Maybe I am ignoring the flow of nature, I reasoned, if someone wants me to see a film with them and I refuse to go? Is that not in effect the natural process of the Guruverse at work in bringing me the invitation? So it was with such justifications that I decided with great relief to give in and abandon my sadhana.

However, I found that ‘just flowing’ was sooner idealised than done. If only one could just let go and relax enough to simply flow with the world, then that would indeed be the perfect way to realise the ‘essential nature’ of oneself. But for most of us, unhappily it does not seem to work that way. Have you ever tried to just flow?
In the first flush of freedom it may be wonderful—but how long can you hold it? One very quickly floats out of the conceptualised dream of ‘flowingness’ and gets sucked into the endless stream of conflicting thoughts instead. Such things as apprehension, worry, fear, love, lust, uptightness, and so on, soon begin clamouring like flotsam on the surface of the mind. We find ourselves getting whirled around in eddies of the social current and caught up in all kinds of unnecessary diversions destructive to one’s peace of mind, without even realising where the change began. Very soon the mind is back to its habitually disorganised and chaotic condition.

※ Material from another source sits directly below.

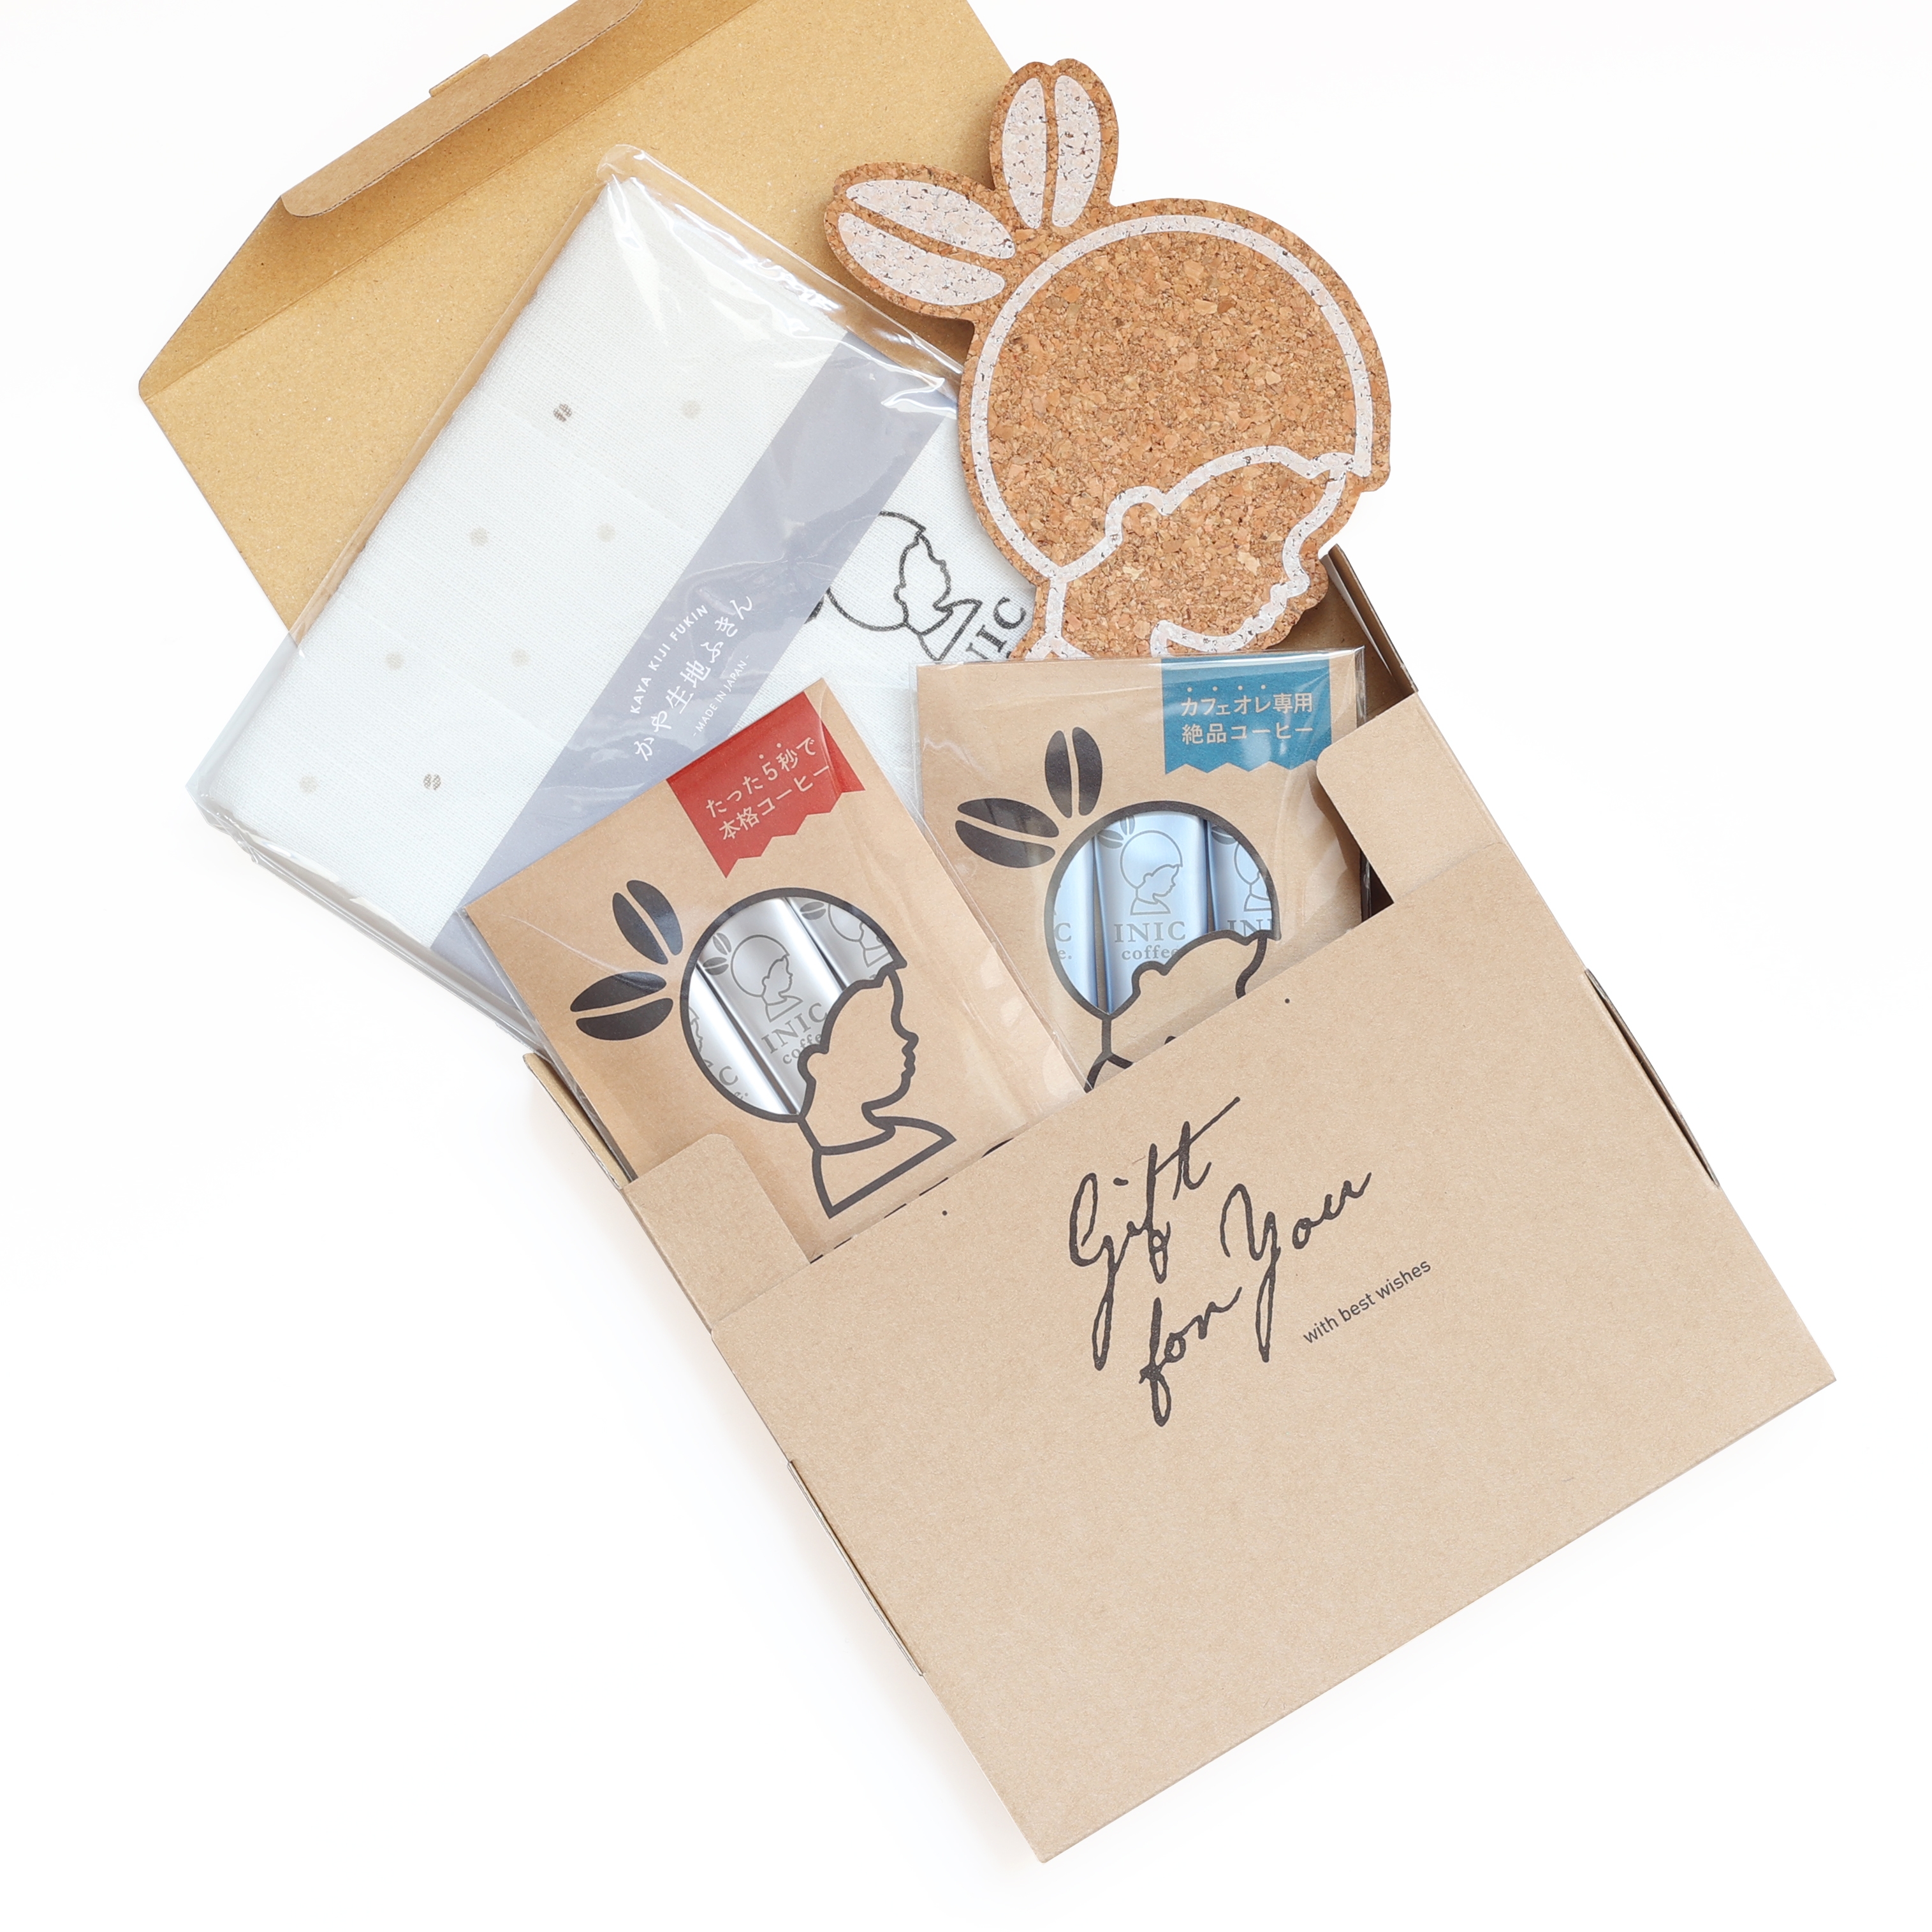 INIC coffee〉サンクスプチギフトセット | Gift Pad

It was at such a point I realised that I could carry on with this kind of ‘free-flowing’ until Doomsday and still not be any the better for it. This, I thought, was the state of mind of the average cabbage. But having become disillusioned with both my sadhana and with free-flowing I was totally without direction and succumbed to that dire affliction of spiritual aspirants—the ‘dark night of the soul’. This is a condition in which life becomes utterly meaningless and loses all its savour. Whenever soul sickness came upon me I always turned to nature for solace.